SRC boss Lyn Mengich said there will be no salary increments for the public servants for the next two years to allow the government stabilize the economy.

“Cognisant of the government’s financial constraints, the current wage bill ratios, the need to release resources for investment in the strategic priorities of the government to jumpstart the Covid-19-ravaged economy, there will be no review of the basic salary structures, allowances and benefits paid in the public sector in the financial year 2021/2022-2022/23,” said the SRC boss.
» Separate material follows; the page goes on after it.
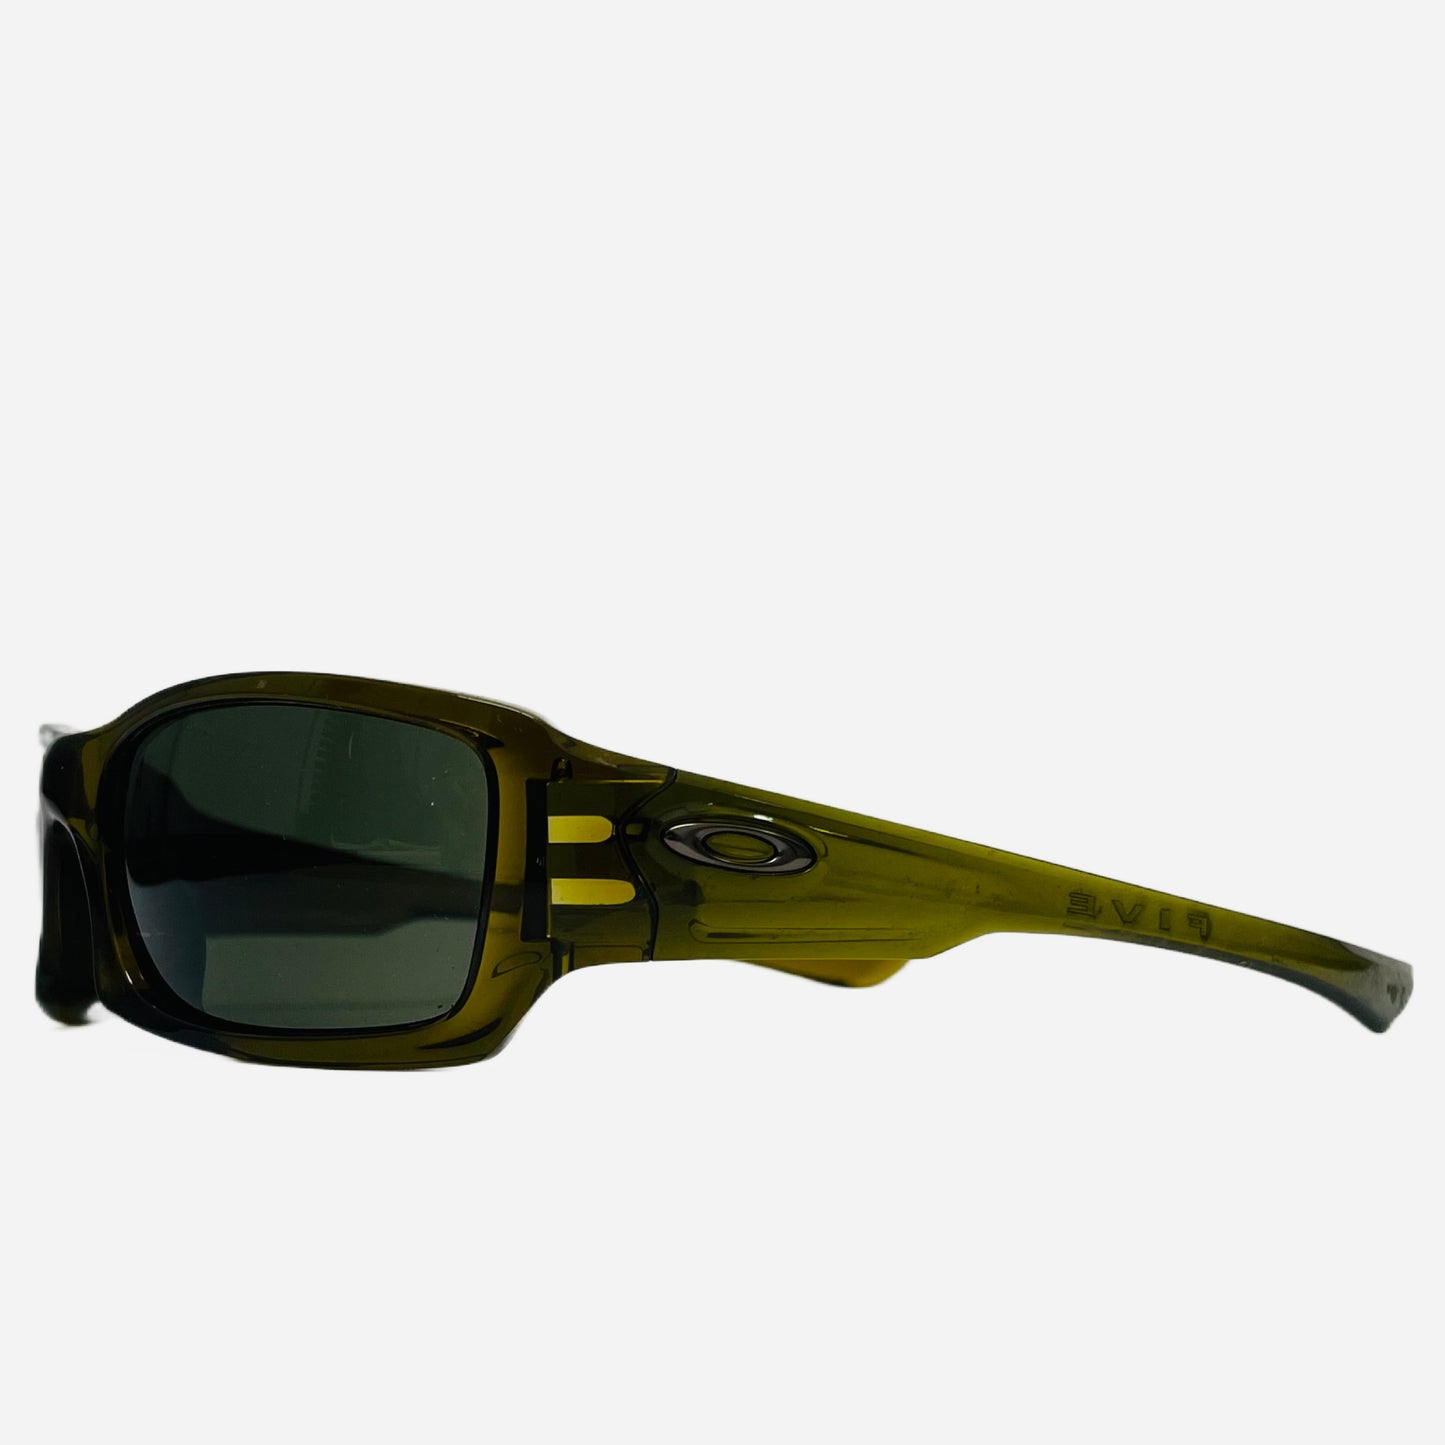 Vintage-Oakley-Five-Sunglasses-Sonnenbrille-the-seekers-side

The commission further announced that no additional funding will be provided for implementation of the job evaluation results in the next two financial years.

“Public sector institutions may implement job evaluation results, by placing jobs in their rightful job evaluation grading, within the existing salary structures and approved budgets, subject to confirmation to SRC that the funding is provided for in the current budget,” said SRC.

The commission says it will review the situation after two fiscal years, and based on the status of the economy, it will guide on the way forward for the remaining period of the third remuneration and benefits review cycle.